FKA Twigs by Tiffany Baxter
FKA Twigs by Tiffany Baxter.

The music industry would have us believe women are dominating the music scene right now. Fierce, female, singer/songwriters are in abundance. We’ve got Miley on her wrecking ball, Beyonce grinding her surf board, Lady Gaga covered in ham. We’re winning ladies… I digress, we shouldn’t be laughing. Whilst the dominant, mainstream female artists claim to be writing their own music and be heavily involved in the creative process, the other side of the mixing desk is another story. The domination does not extend to production.

Trina Shoemaker mixing desk
There are plenty of high flying women in other areas of the music business. But despite the BBC starting to train female sound engineers in 1941, it is still a predominantly male playing field. Trina Shoemaker is a brilliant exception to this and was the first woman to take home a Grammy for ‘Best Sound Engineer’ in 1998 for her work on Sheryl Crow’s album Globe Sessions.

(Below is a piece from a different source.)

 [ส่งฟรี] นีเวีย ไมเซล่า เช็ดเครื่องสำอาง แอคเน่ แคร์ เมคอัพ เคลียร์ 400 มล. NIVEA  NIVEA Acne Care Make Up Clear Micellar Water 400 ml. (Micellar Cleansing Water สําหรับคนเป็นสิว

Women in music illustration Louise Andersone
Women in music: illustration by Louise Andersone.

However, only three women in history have been nominated for ‘Best Producer’ at the Brits and Grammys and we are yet to see the day a woman goes home with the prize. Perhaps this isn’t even a gender issue. According to The Music Producers Guild, women only hold 4% of the equity in music production. There just aren’t enough women in the sector. There are an array of arguments on the reasons behind this figure, ranging from women being disinterested in the technical side of things to sexism, to the age old restraint of becoming a mother and its incompatibility with the lifestyle and all consuming nature of a being a studio producer. Who knows what the truth is. Perhaps it’s a mish mash of the lot of them and then some.

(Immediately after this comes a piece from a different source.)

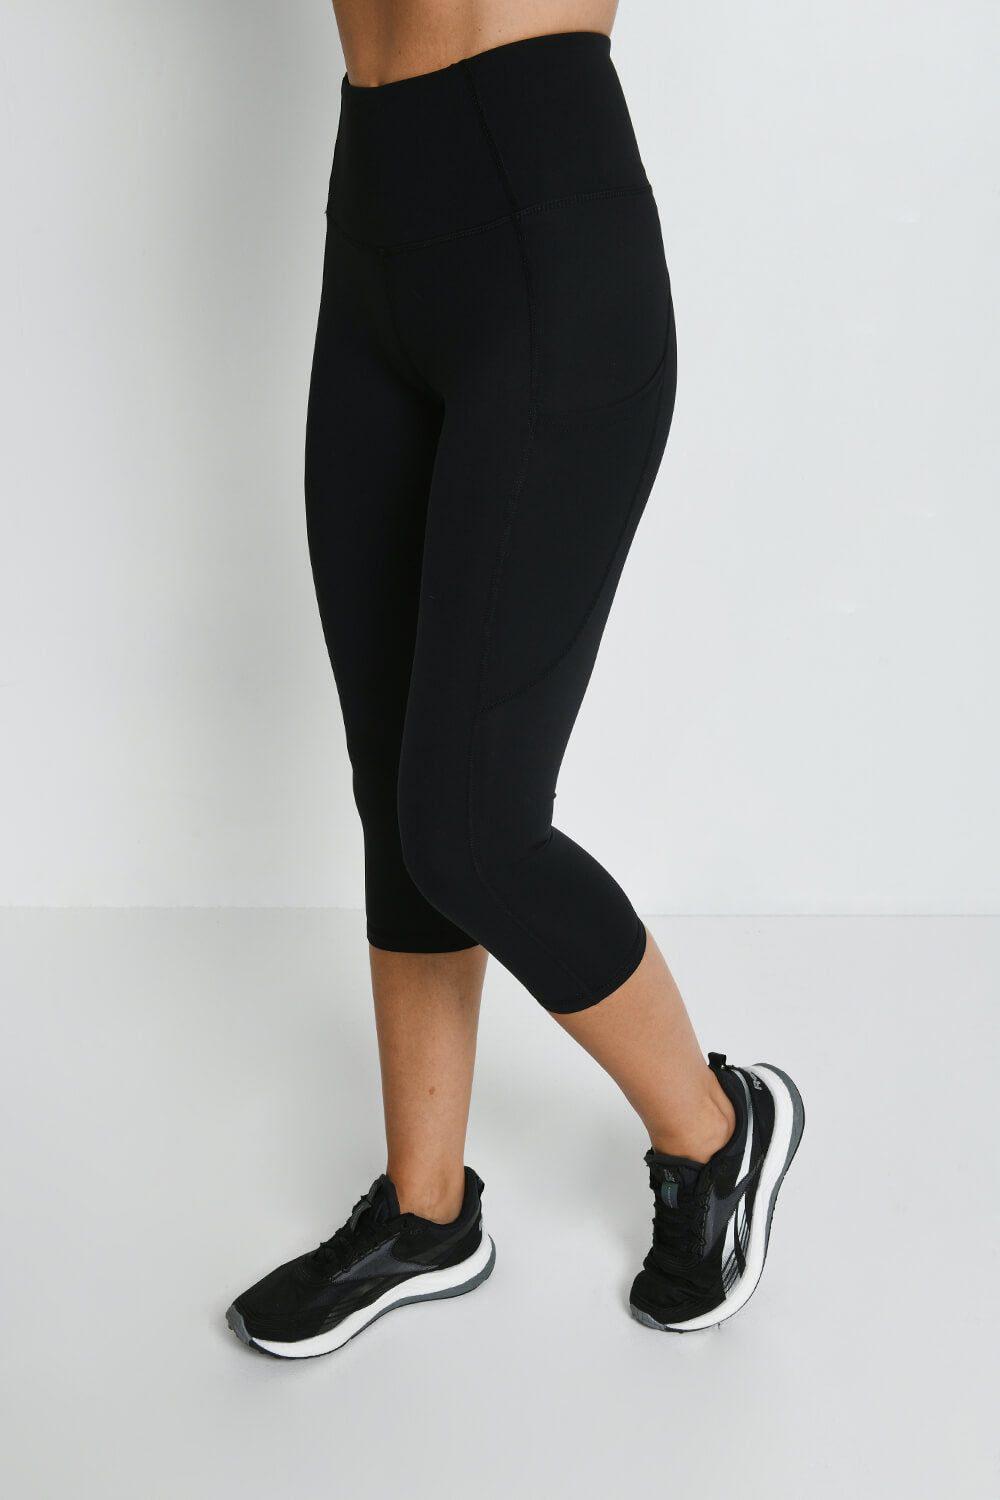 Guide To Buying The Best Women's Tights/Leggings | BARA Sportswear– BARA  Sportswear

Joni Mitchell Clouds Album Cover
Joni Mitchell complained that whichever man was in the room with her when she was recording, he would take credit for her work. Bjork has recently echoed a similar sentiment in a recent interview with Pitchfork stating that time and time again she has been denied due credit for the production of her albums. In another Pitchfork interview in 2007, the highly skilled MIA laid into the interviewer regarding the production of her records, ‘I just find it a bit upsetting and kind of insulting that I can’t have any ideas on my own because I’m a female… After the first time it’s cool, the second time it’s cool, but after like the third, fourth, fifth time, maybe it’s an issue that we need to talk about, maybe that’s something important, you know.’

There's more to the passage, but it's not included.